Hello,
My team would greatly appreciate assistance with running featureCounts using the human NCBI T2T assembly (assembly (T2T-CHM13v2.0) as a reference; when we run it we end up with nearly 14,000 fewer genes than what the annotation supposedly contains.What (if any) modifications can be made to run Subread or RSubread featureCounts on the new NCBI release and obtain counts data for all ~57 thousand genes supposedly in the assembly?
Typically my lab has used the Ensembl/Gencode GRCh38 for mapping total RNA-Seq projects with STAR, and then counted reads with the featureCounts command from Subread or Rsubread. We are attempting to set up new pipelines with the latest release 43 (GRCh38.p13) at gencode, https://www.gencodegenes.org/human/. In parallel we have attempted to implement a pipeline to run in with the new NCBI T2T assembly from https://www.ncbi.nlm.nih.gov/assembly/GCA_009914755.4), in case that newer assembly may improve gene-level biomarker discovery. This assembly supposedly has 57,771 genes, per awk code that a staff scientist at NCBI provided my colleague:
Number of unique genes:
zcat GCF_009914755.1_T2T-CHM13v2.0_genomic.gtf.gz | grep -v "^#" | awk 'BEGIN {FS="\t"; OFS= "\t"} $3=="gene" {print $9}' | cut -f 3 -d ";" | sort | uniq | wc -l)
57771
Number of gene placements in the GTF:
zcat GCF_009914755.1_T2T-CHM13v2.0_genomic.gtf.gz | grep -v "^#" | cut -f 3 | sort | uniq -c
699164 CDS
1017051 exon
57816 gene
65594 start_codon
65411 stop_codon
112905 transcript
However, with code such as the text below using, we end up with a much smaller number of genes, closer to 42-43,000 thousand. We have even tried implementing this specifying gene id to export Entrez IDs by adding the flag <-g db_xref> in case the default gene_id identifier was causing an issue. The NCBI staff scientist suggested that the difference of our tabulated genes vs the GTF assembly annotation of over 57 thousand, reflects unprocessed pseudogenes. We suspect this may have to do with how the NCBI GTF is set up, and are wondering if there is some way to modify the call of how the GTF is used by Subread/Rsubread to obtain an output that is more similar to the output of Gencode and reflects all 57,771 genes.
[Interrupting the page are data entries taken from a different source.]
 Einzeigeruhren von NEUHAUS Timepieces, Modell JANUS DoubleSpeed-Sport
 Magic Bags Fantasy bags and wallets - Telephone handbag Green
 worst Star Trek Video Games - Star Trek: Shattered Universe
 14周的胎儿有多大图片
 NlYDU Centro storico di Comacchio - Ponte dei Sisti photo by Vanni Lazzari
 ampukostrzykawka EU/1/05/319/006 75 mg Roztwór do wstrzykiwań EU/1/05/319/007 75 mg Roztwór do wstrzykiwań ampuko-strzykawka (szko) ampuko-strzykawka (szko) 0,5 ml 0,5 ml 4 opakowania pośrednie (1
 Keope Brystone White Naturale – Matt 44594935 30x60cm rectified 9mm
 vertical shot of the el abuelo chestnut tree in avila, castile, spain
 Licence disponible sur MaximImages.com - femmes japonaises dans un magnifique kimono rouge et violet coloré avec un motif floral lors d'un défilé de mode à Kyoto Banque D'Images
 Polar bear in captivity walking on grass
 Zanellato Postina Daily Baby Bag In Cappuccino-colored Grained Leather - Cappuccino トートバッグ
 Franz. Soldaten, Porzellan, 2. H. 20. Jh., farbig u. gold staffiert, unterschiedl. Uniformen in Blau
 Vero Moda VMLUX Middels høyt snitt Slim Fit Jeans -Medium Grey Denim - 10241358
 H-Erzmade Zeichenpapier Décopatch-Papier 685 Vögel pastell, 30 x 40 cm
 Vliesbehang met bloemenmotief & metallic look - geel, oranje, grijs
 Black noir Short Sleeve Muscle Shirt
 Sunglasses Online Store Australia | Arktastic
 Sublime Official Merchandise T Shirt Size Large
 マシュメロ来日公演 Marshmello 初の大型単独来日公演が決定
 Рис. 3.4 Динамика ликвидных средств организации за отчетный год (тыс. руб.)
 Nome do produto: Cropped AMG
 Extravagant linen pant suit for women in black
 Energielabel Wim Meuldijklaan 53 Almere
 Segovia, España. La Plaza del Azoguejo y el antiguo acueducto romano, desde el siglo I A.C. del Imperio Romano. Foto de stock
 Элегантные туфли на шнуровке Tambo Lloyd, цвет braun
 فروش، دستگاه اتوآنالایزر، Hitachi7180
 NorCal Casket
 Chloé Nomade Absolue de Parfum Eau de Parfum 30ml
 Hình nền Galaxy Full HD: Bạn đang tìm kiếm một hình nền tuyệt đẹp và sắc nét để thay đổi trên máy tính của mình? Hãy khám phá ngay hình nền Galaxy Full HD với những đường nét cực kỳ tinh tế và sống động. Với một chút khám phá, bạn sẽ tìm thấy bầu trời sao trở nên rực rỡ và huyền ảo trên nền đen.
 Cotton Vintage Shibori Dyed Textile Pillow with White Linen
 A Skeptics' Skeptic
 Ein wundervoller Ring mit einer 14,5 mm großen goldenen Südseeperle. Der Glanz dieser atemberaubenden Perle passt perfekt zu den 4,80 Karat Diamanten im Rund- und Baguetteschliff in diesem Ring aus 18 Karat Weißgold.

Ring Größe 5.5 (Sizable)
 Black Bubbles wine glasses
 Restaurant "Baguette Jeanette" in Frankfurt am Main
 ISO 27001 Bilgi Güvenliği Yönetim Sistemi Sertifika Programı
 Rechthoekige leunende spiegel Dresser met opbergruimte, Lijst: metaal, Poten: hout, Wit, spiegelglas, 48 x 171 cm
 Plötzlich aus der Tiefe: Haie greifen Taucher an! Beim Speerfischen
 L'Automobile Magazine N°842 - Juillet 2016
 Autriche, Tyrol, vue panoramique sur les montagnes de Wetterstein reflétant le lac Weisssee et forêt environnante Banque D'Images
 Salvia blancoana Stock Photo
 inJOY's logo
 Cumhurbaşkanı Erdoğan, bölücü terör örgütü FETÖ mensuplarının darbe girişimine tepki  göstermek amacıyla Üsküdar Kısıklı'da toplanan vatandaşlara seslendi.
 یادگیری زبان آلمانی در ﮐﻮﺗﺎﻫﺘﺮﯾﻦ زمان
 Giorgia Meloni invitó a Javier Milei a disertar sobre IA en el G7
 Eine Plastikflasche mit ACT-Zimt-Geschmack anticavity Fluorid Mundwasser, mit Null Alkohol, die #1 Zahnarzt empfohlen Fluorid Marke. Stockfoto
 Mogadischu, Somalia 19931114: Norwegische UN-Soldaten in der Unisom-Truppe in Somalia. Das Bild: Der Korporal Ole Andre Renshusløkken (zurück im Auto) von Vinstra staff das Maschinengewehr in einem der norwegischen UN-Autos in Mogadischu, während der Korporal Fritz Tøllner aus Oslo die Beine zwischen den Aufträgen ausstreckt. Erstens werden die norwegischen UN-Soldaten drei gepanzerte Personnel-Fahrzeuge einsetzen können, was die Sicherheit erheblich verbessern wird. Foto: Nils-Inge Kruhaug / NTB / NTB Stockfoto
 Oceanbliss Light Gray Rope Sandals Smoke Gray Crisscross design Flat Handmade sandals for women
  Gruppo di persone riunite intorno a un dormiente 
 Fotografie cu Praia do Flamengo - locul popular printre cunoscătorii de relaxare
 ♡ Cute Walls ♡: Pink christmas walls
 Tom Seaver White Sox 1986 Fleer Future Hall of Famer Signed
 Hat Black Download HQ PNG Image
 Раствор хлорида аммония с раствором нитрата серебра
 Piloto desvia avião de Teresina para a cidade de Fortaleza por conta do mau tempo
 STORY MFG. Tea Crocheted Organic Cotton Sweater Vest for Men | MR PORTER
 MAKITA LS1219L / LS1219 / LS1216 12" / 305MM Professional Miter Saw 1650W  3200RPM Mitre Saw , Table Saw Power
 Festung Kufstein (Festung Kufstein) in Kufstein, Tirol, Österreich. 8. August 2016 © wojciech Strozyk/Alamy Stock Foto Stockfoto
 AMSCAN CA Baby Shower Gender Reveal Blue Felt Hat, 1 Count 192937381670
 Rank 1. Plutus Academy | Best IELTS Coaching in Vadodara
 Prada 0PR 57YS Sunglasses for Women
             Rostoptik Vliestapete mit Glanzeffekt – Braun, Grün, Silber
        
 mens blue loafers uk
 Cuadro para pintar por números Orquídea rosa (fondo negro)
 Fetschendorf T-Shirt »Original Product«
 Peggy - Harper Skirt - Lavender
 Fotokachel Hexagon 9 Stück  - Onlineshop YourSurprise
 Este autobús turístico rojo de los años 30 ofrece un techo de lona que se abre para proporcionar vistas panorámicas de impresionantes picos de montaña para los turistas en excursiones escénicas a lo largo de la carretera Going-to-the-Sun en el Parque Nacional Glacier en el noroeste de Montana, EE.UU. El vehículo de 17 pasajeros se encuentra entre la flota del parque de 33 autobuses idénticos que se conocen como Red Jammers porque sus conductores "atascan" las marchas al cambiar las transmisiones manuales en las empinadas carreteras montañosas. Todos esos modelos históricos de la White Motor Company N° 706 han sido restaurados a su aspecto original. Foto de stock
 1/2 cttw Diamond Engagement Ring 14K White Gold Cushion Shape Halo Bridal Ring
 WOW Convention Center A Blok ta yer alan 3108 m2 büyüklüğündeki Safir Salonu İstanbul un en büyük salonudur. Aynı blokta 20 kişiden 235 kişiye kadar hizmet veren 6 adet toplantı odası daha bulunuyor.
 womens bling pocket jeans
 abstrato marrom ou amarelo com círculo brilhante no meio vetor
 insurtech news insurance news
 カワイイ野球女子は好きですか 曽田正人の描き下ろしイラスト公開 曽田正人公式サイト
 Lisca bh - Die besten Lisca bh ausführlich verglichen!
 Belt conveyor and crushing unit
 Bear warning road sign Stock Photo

We tried searching for other posts on the topic and found on one biostars at https://www.biostars.org/p/9547097/#google_vignette , leading us to attempt to use the T2T SAF at https://bioinf.wehi.edu.au/Rsubread/annot/ but that led to 0% alignments because the SAF format was chr1, chr2 etc and the NCBI designations differ (NC_060930.1).
What (if any) modifications can be made to run Subread or RSubread featureCounts on the new NCBI release and obtain counts data for all ~57 thousand genes? Many thanks in advance for your consideration.
Run of featureCounts
Creates a directory for the output of Subread and then changes directories to /run/media/userT/Padlock_DT/paired/results/T2T/STAR
mkdir -p /run/media/userT/Padlock_DT/paired/results/T2T/counts/
cd /run/media/userT/Padlock_DT/paired/results/T2T/STAR/
Runs featureCounts in paired-end mode, reverse strand, with 32 threads.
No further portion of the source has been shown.